START Dataset section
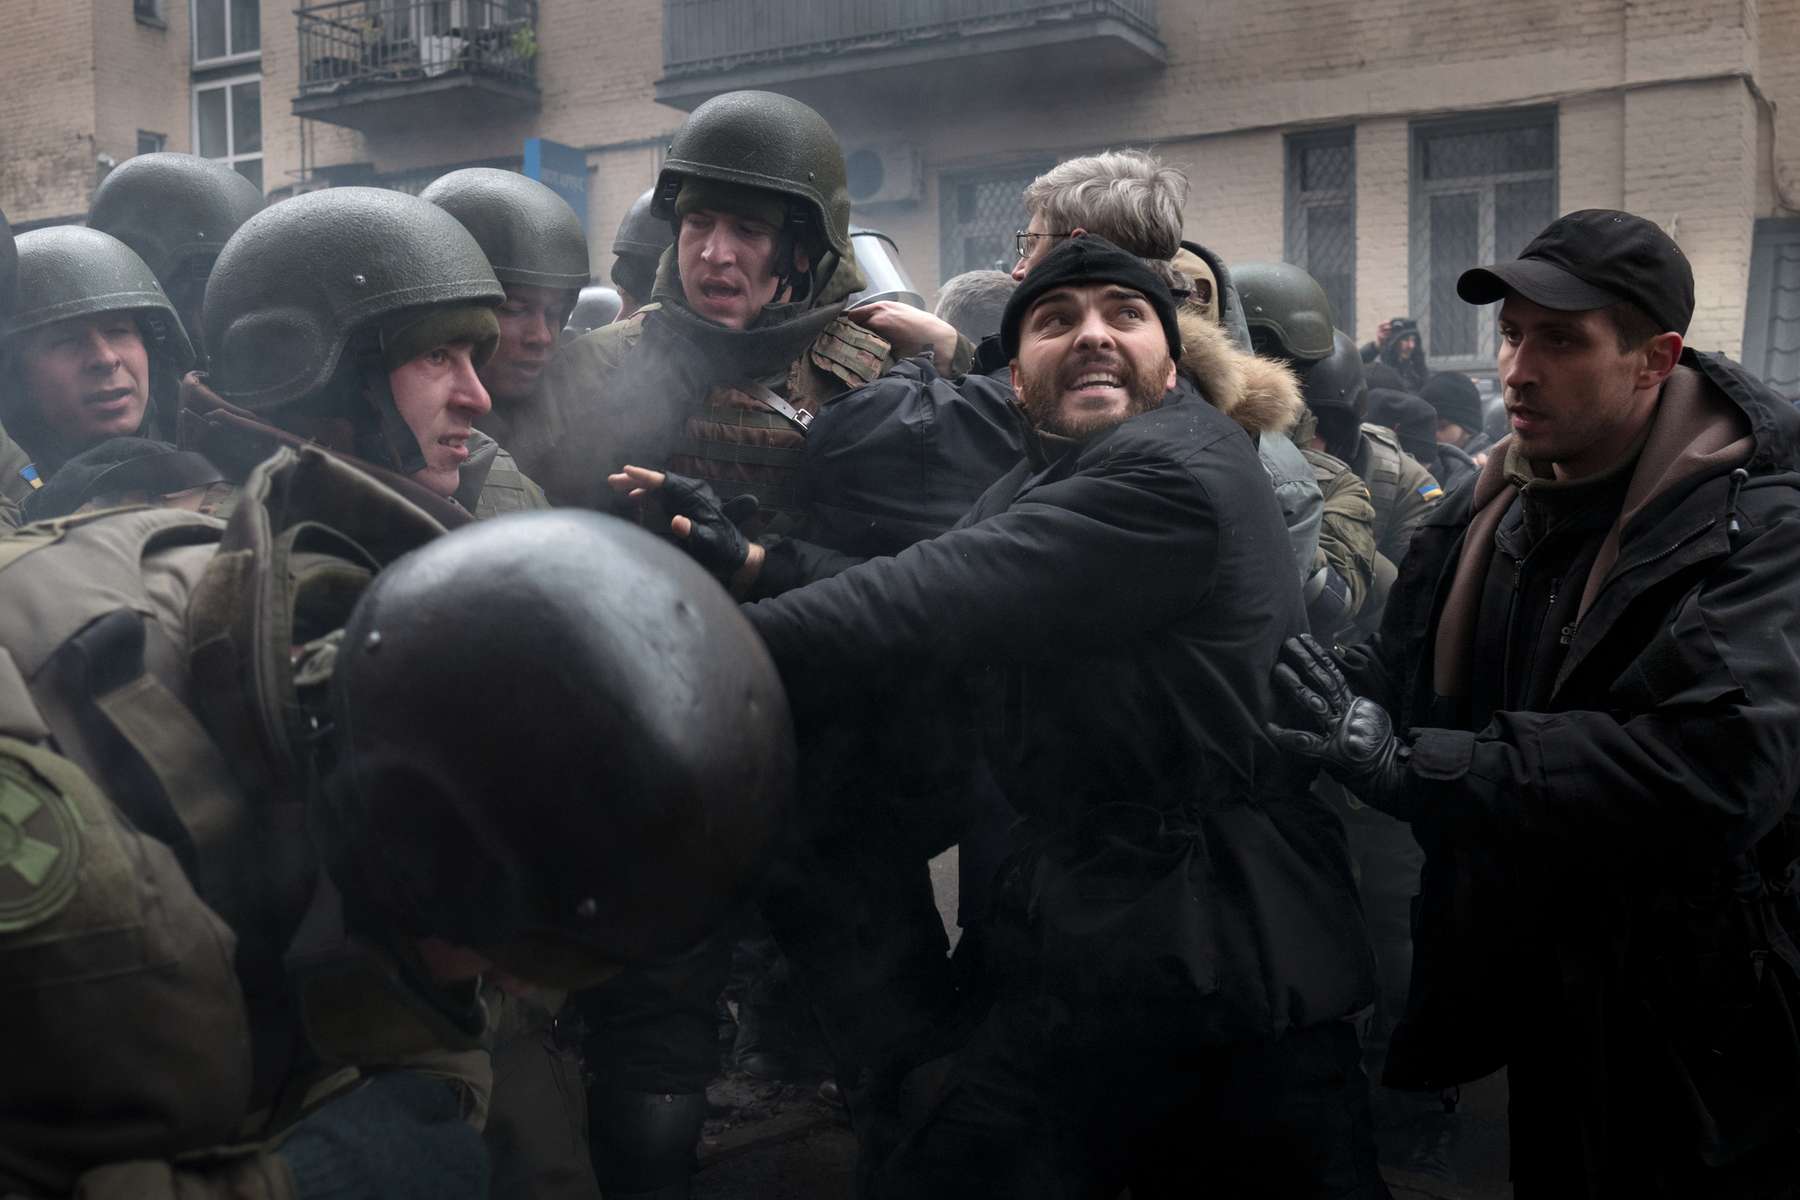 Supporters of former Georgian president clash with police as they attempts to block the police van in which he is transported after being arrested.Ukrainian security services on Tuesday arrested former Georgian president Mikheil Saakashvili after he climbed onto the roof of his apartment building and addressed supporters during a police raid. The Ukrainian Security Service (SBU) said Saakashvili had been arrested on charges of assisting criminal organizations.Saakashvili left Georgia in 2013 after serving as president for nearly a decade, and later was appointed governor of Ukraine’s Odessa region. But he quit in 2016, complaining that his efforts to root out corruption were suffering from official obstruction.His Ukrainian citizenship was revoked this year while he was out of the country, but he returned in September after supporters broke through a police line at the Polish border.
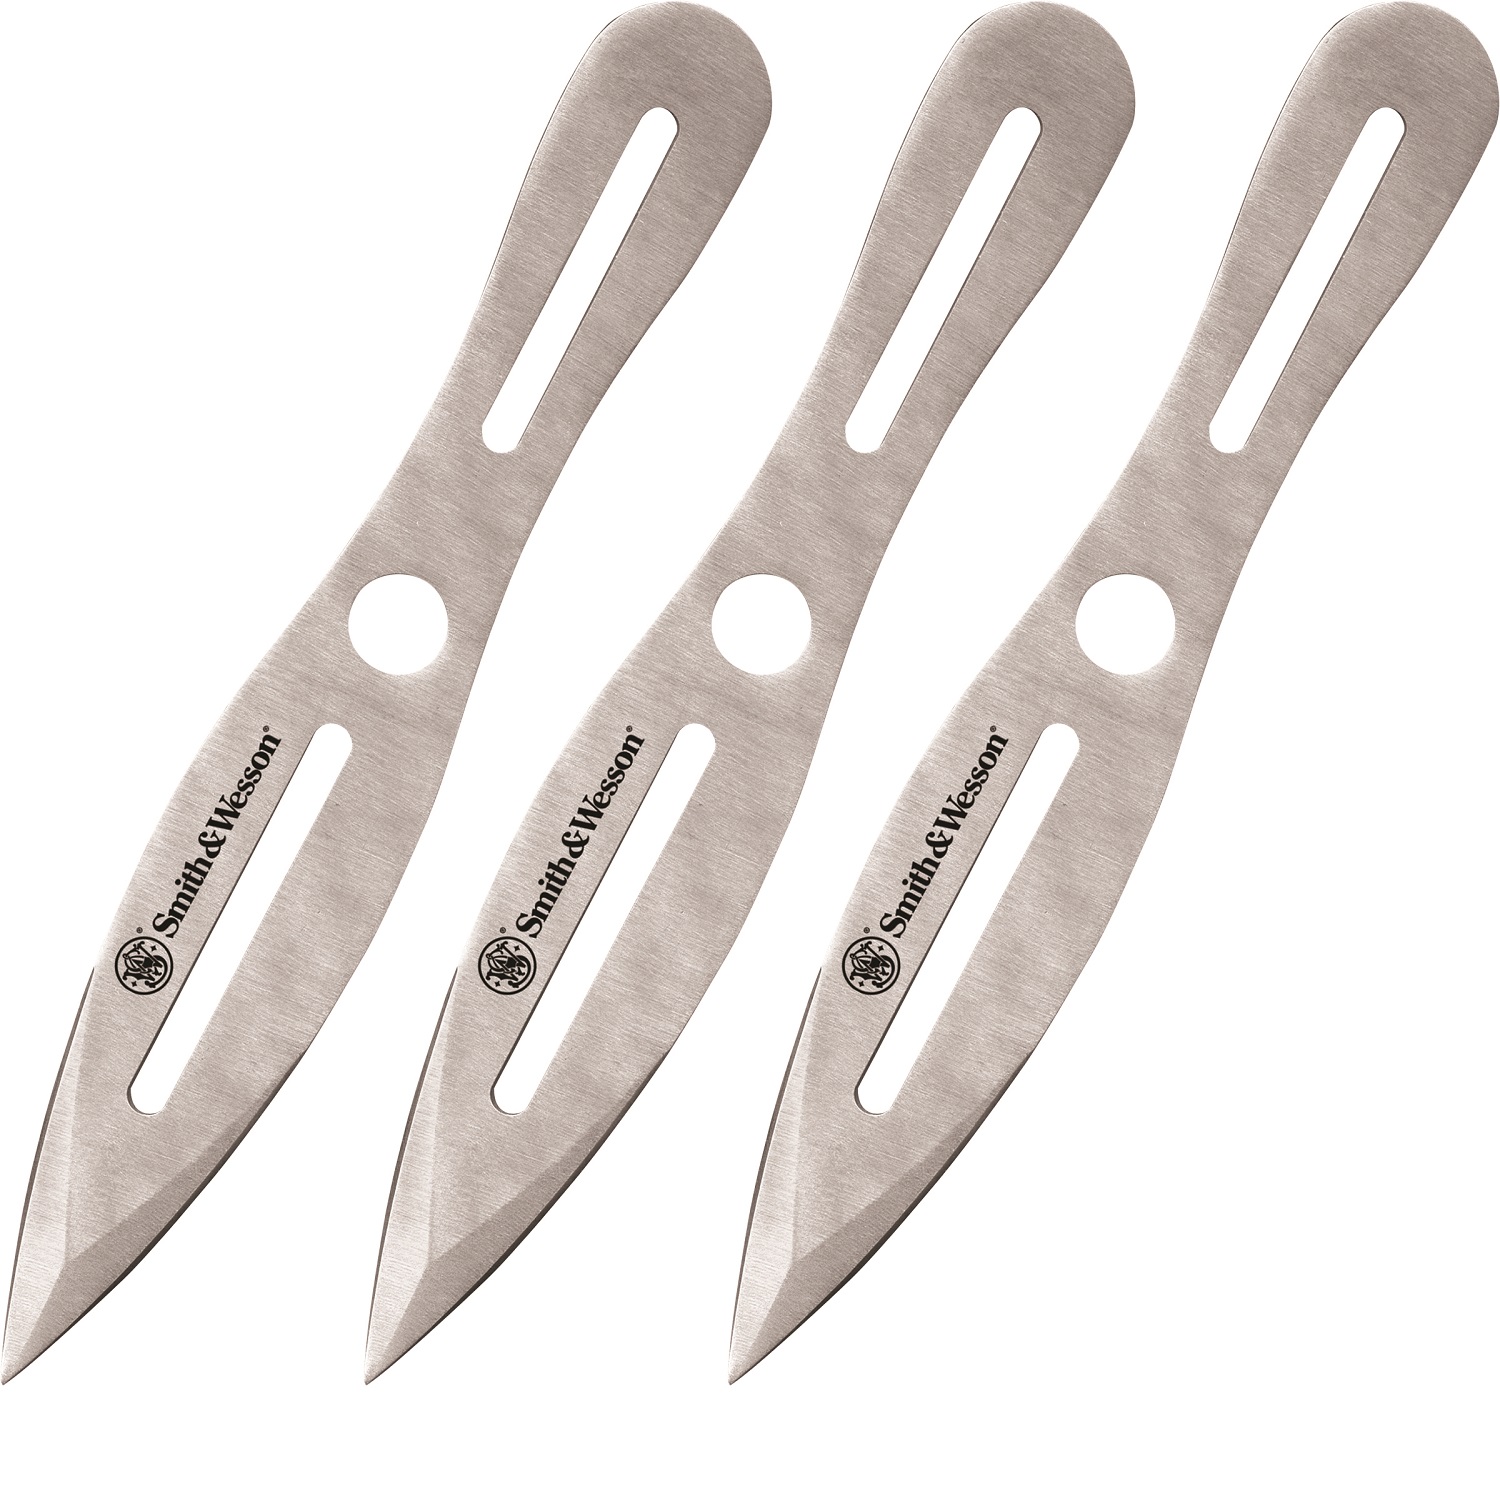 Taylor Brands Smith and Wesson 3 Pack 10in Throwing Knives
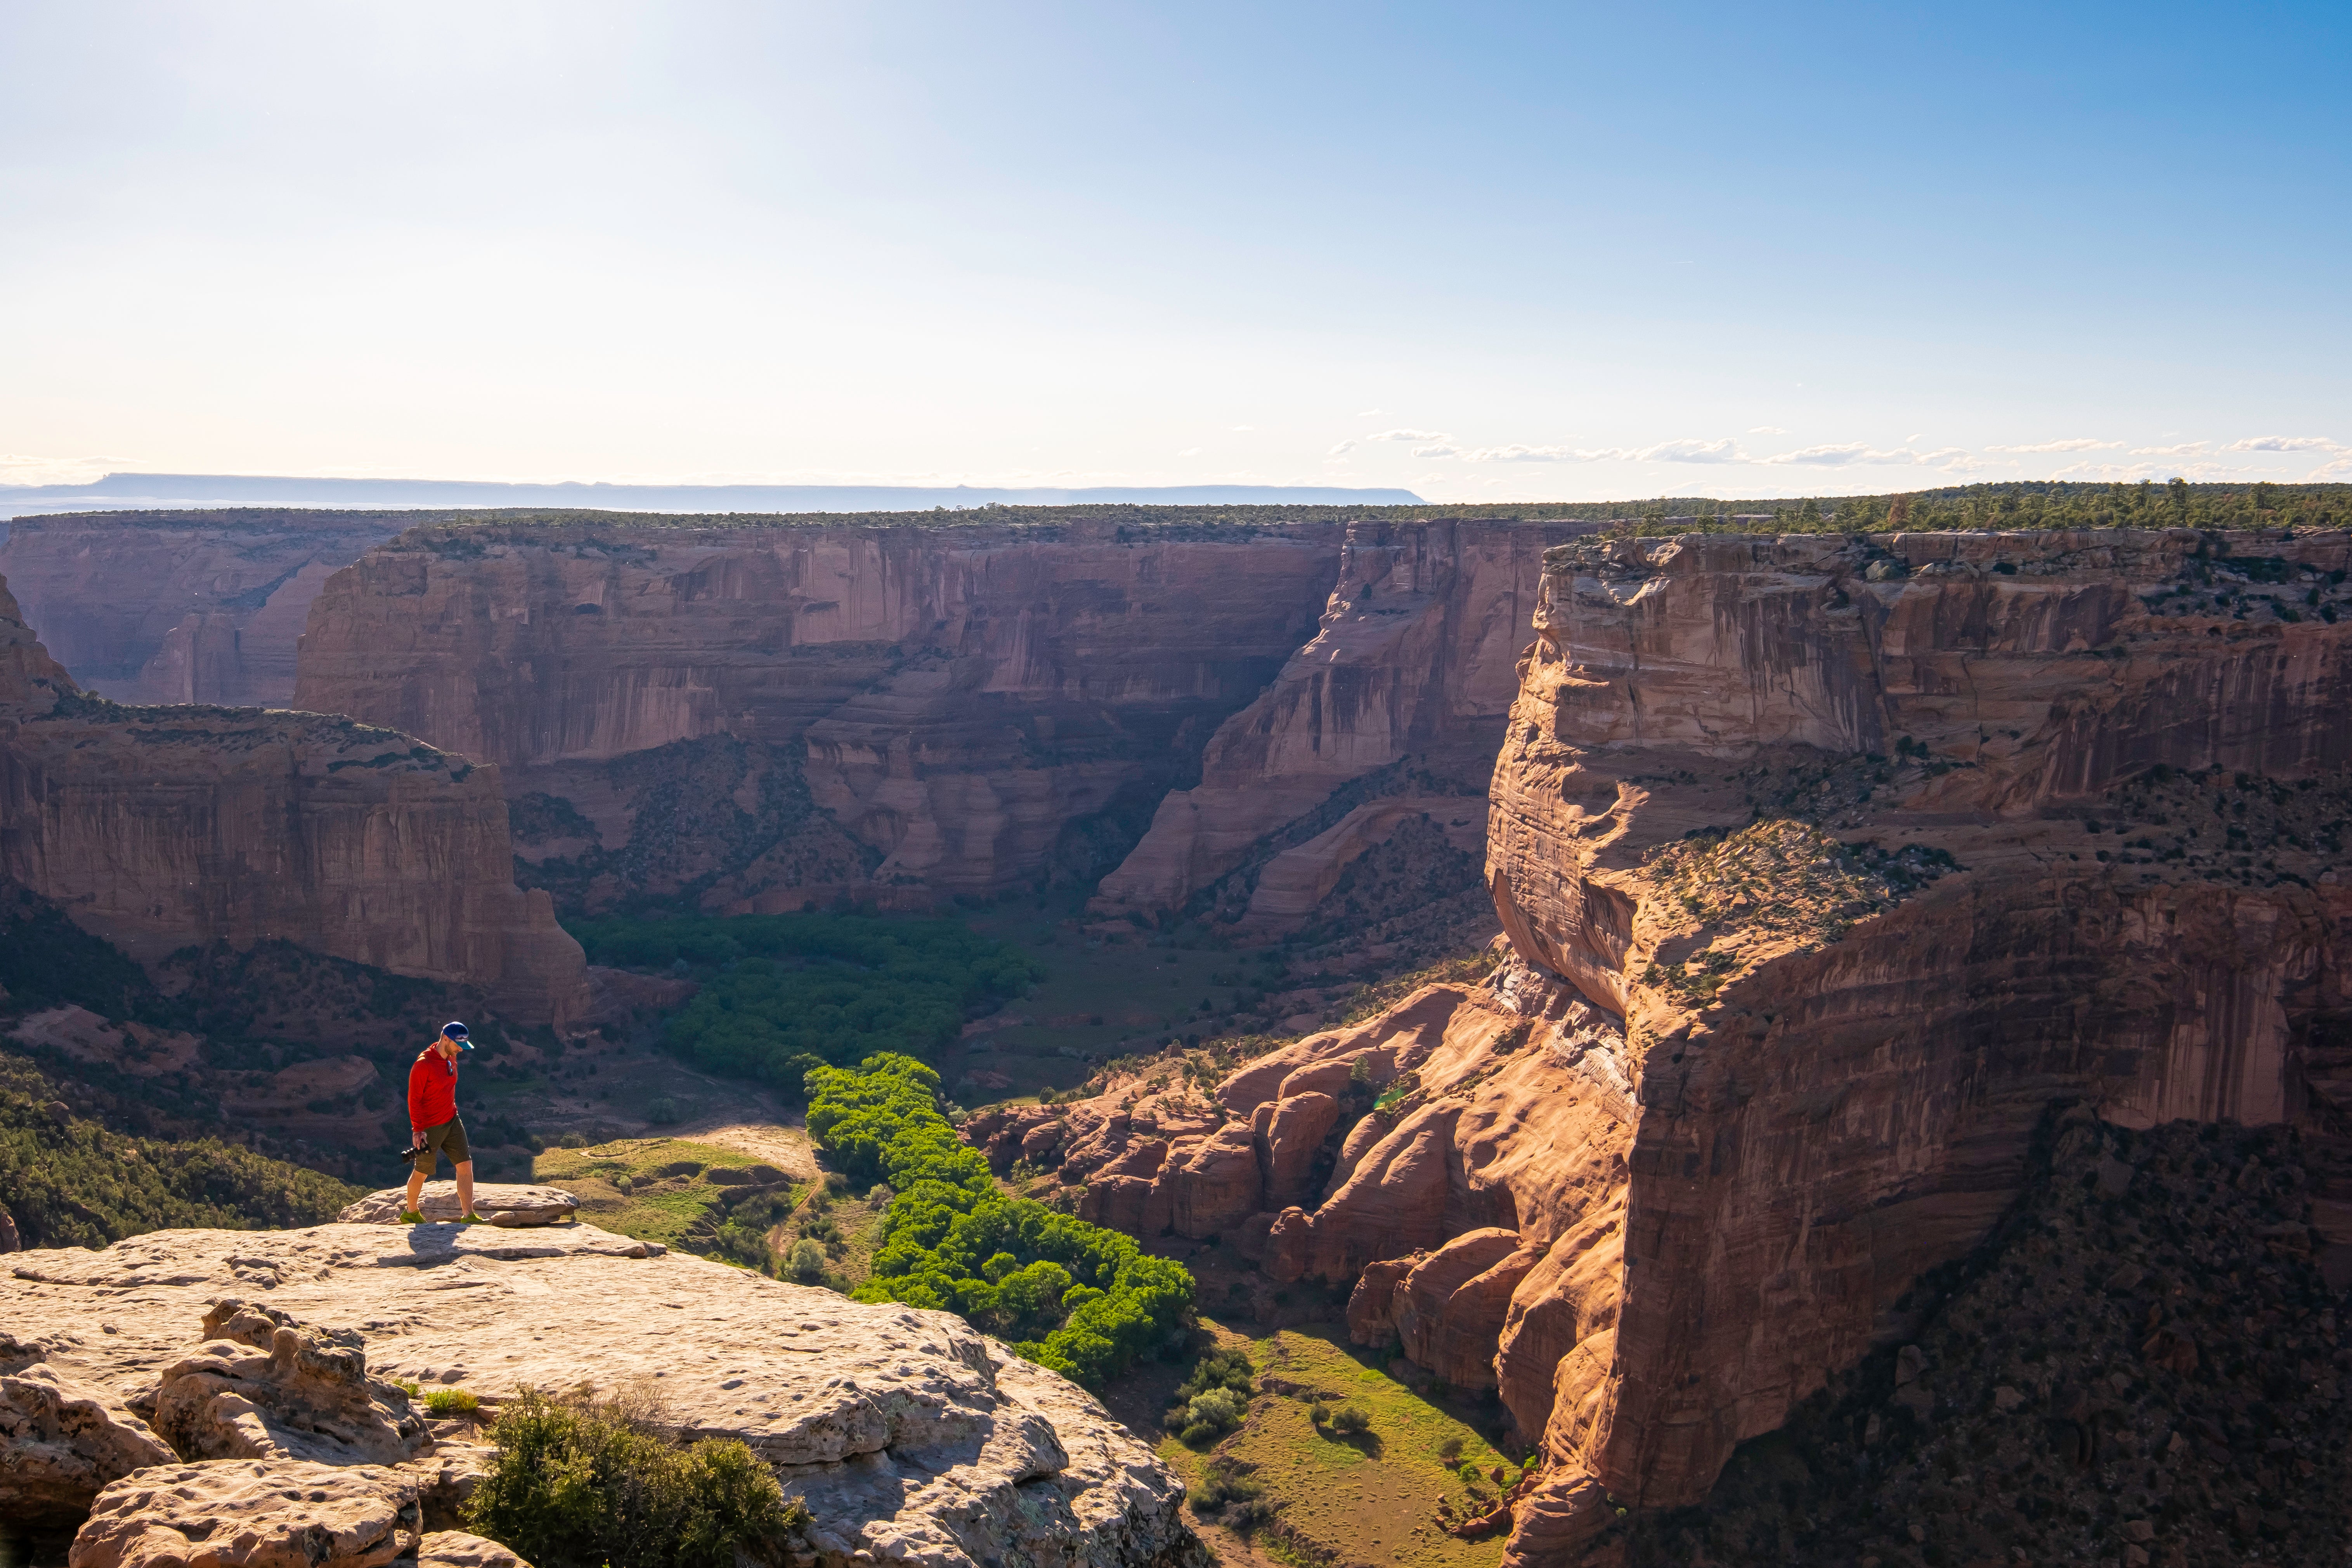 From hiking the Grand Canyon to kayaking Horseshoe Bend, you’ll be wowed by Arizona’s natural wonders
END Dataset section
**Brief:** What is needed is an exact repetition of every line from the line with "Taylor Brands Smith" to the end of the data above, both ends included, with no pictures.

**Output of the task:**
 Taylor Brands Smith and Wesson 3 Pack 10in Throwing Knives
 From hiking the Grand Canyon to kayaking Horseshoe Bend, you’ll be wowed by Arizona’s natural wonders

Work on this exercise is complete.